### Exercise:
The required output is the run of lines from the one holding "Martlet-wedding-dress-Tiffanys-front-view-min" through the final line of the listing, restated word for word, with no pictures.

### Information supplied:

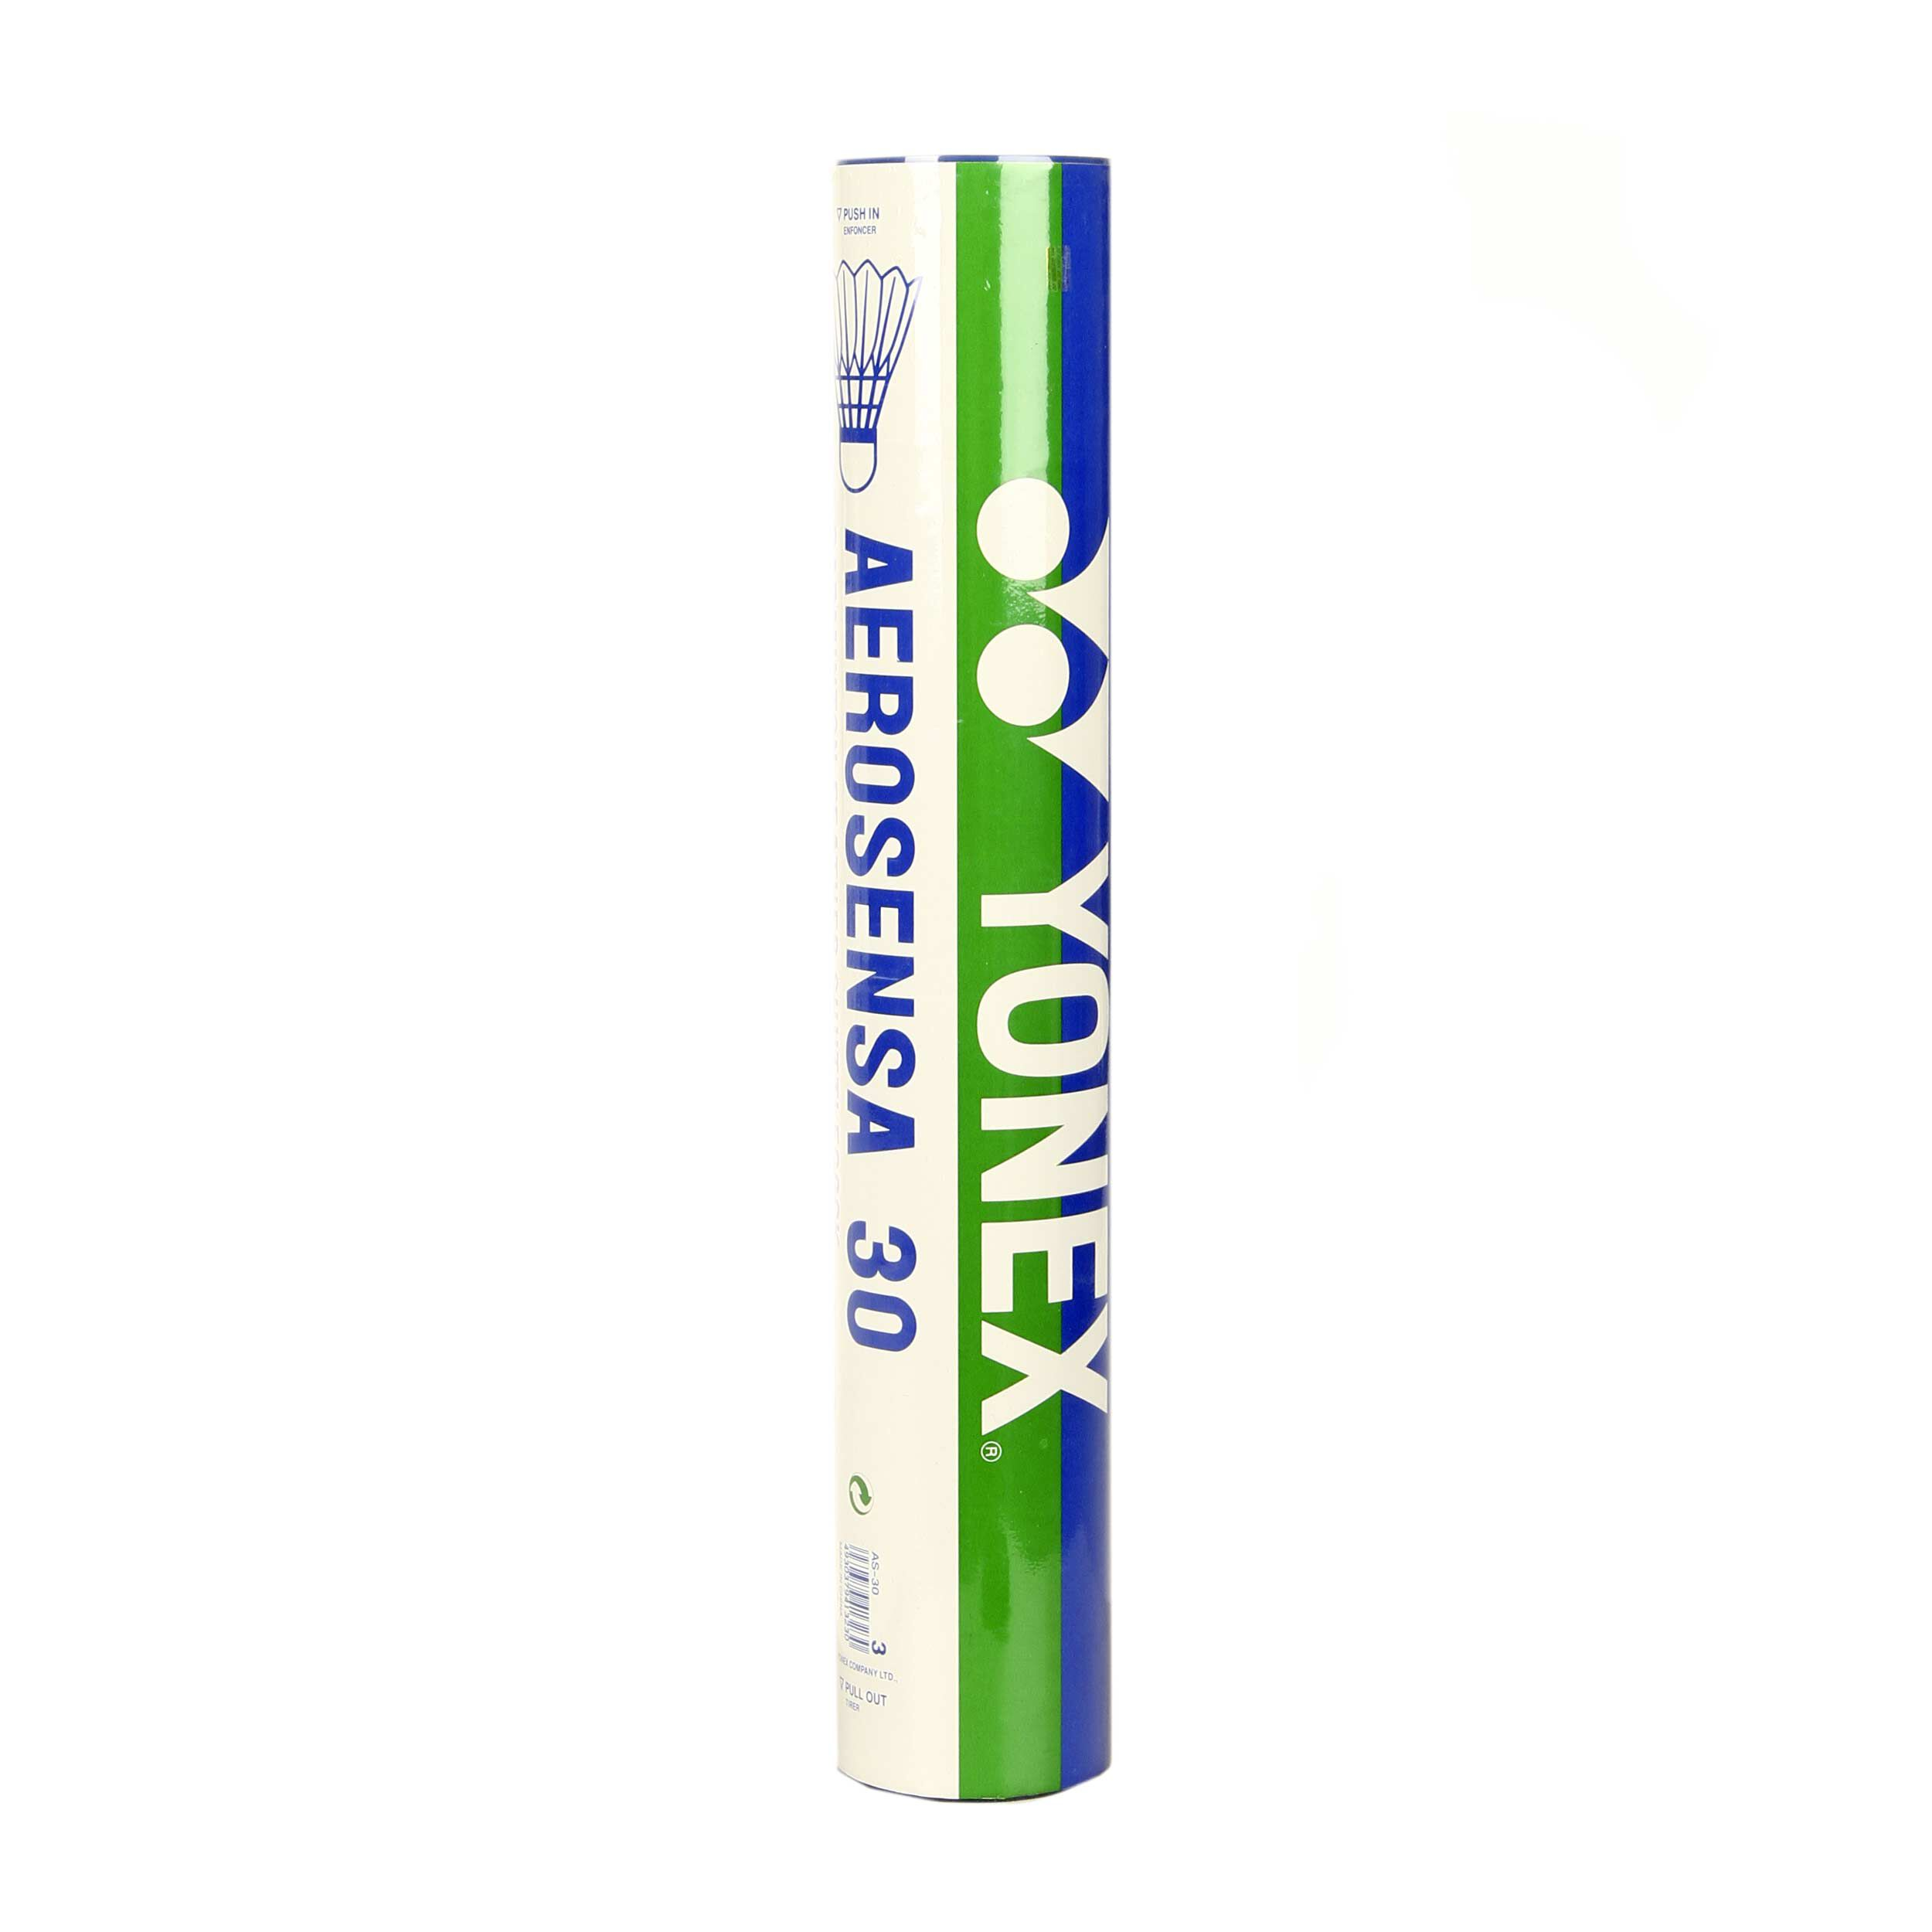 Yonex Aerosensa 30 Naturball 3 Mittel Tennisbälle 12er Pack NEU
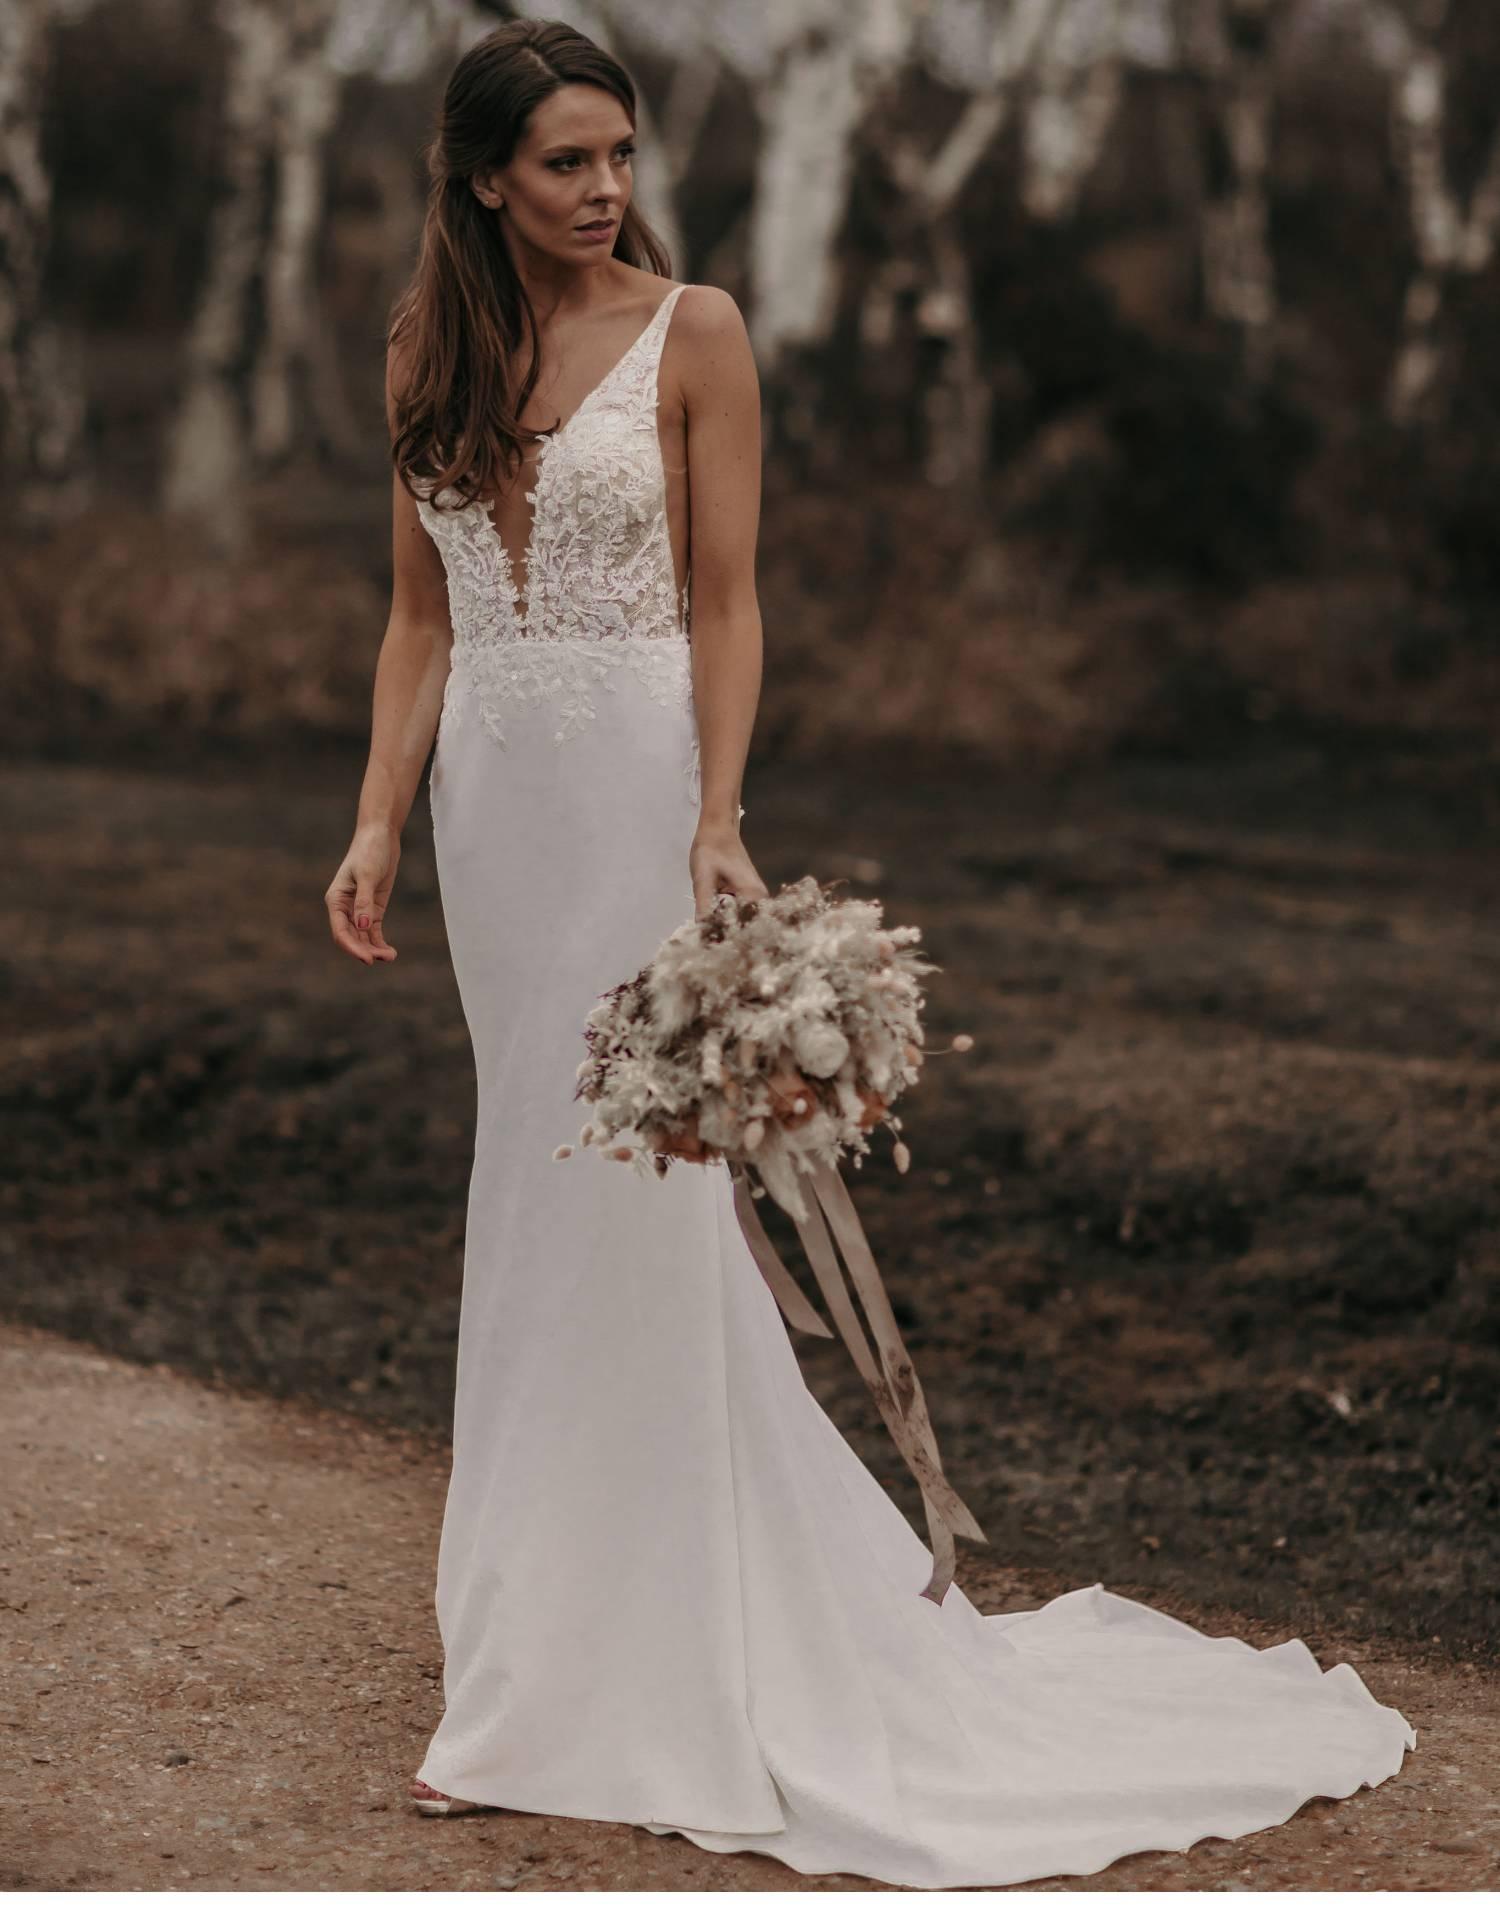 Martlet-wedding-dress-Tiffanys-front-view-min
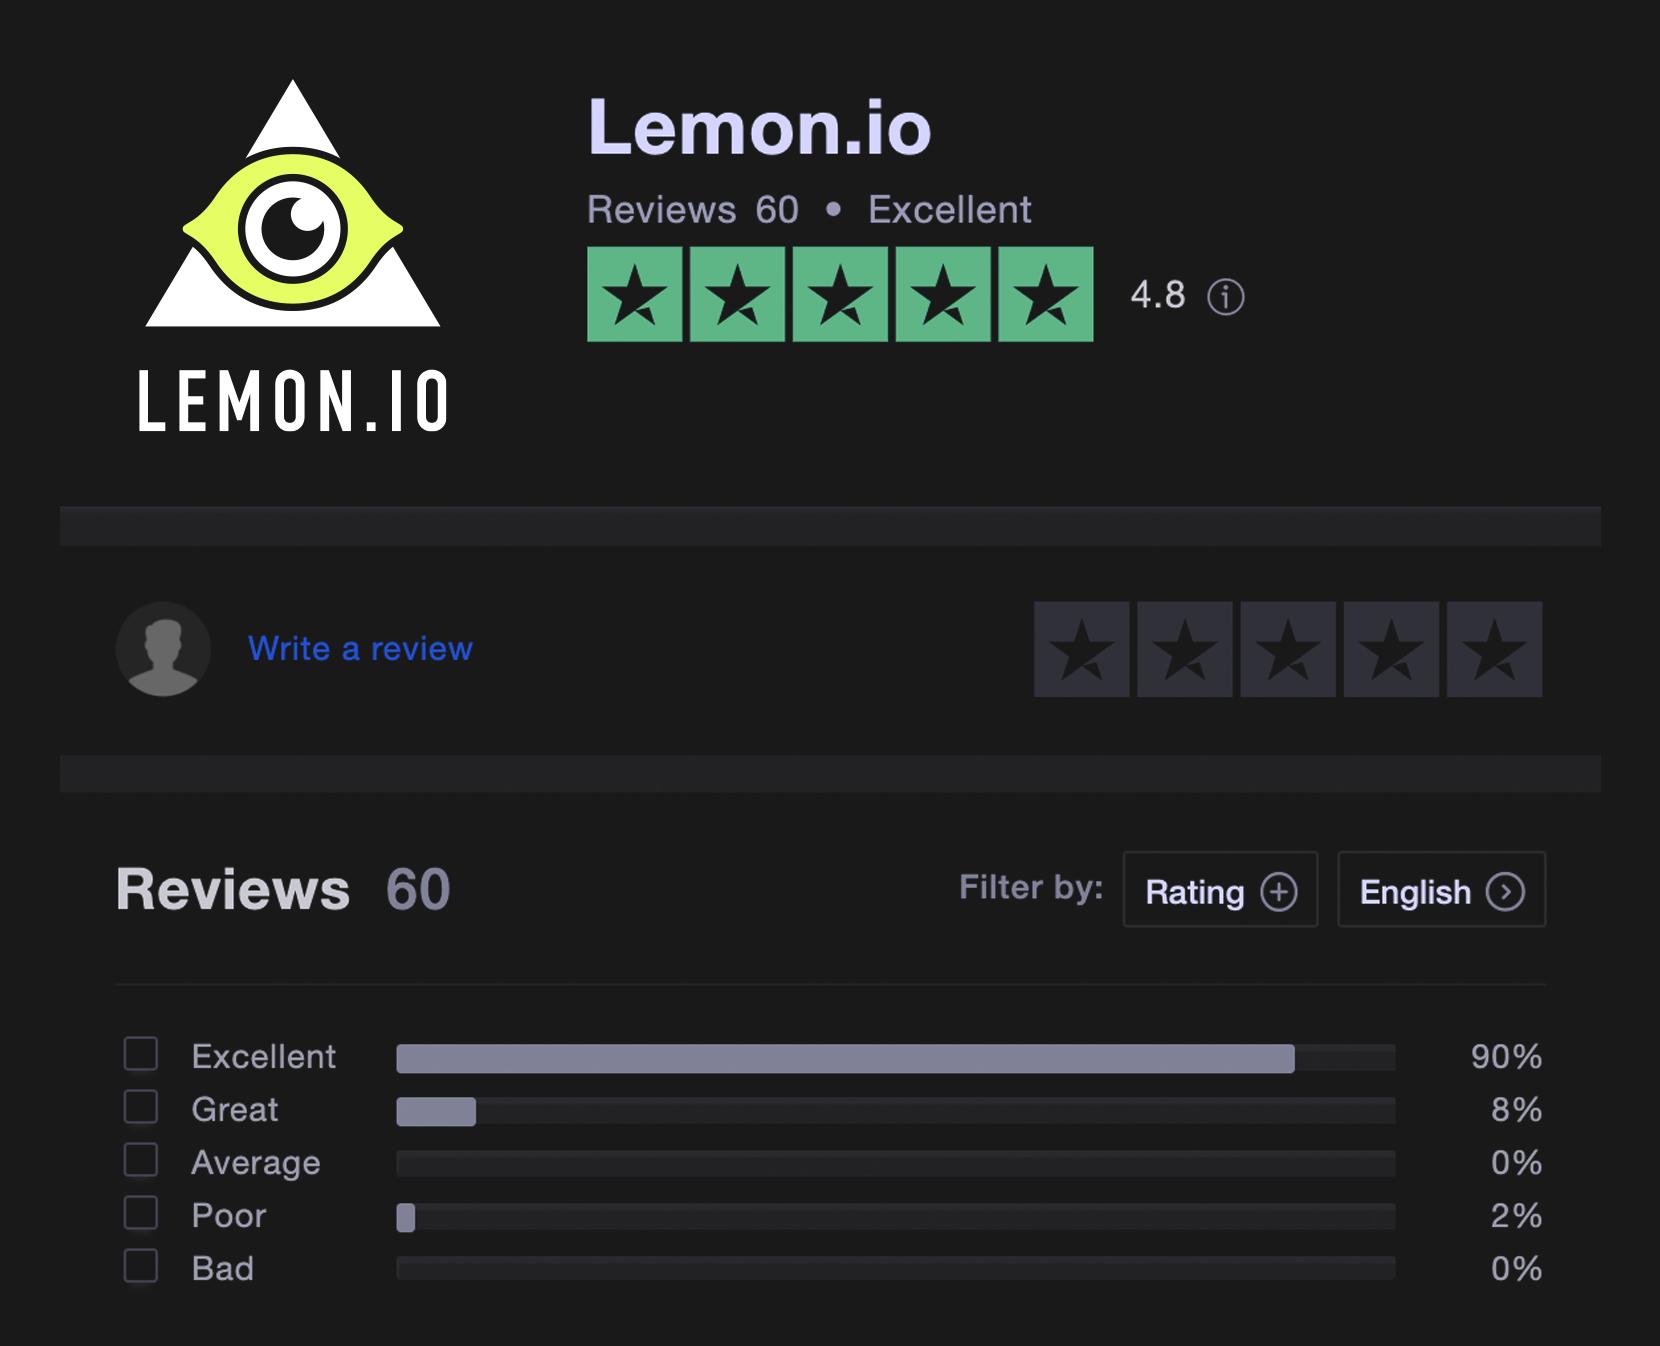 Lemon.io trustpilot review

### Result of the exercise:
 Martlet-wedding-dress-Tiffanys-front-view-min
 Lemon.io trustpilot review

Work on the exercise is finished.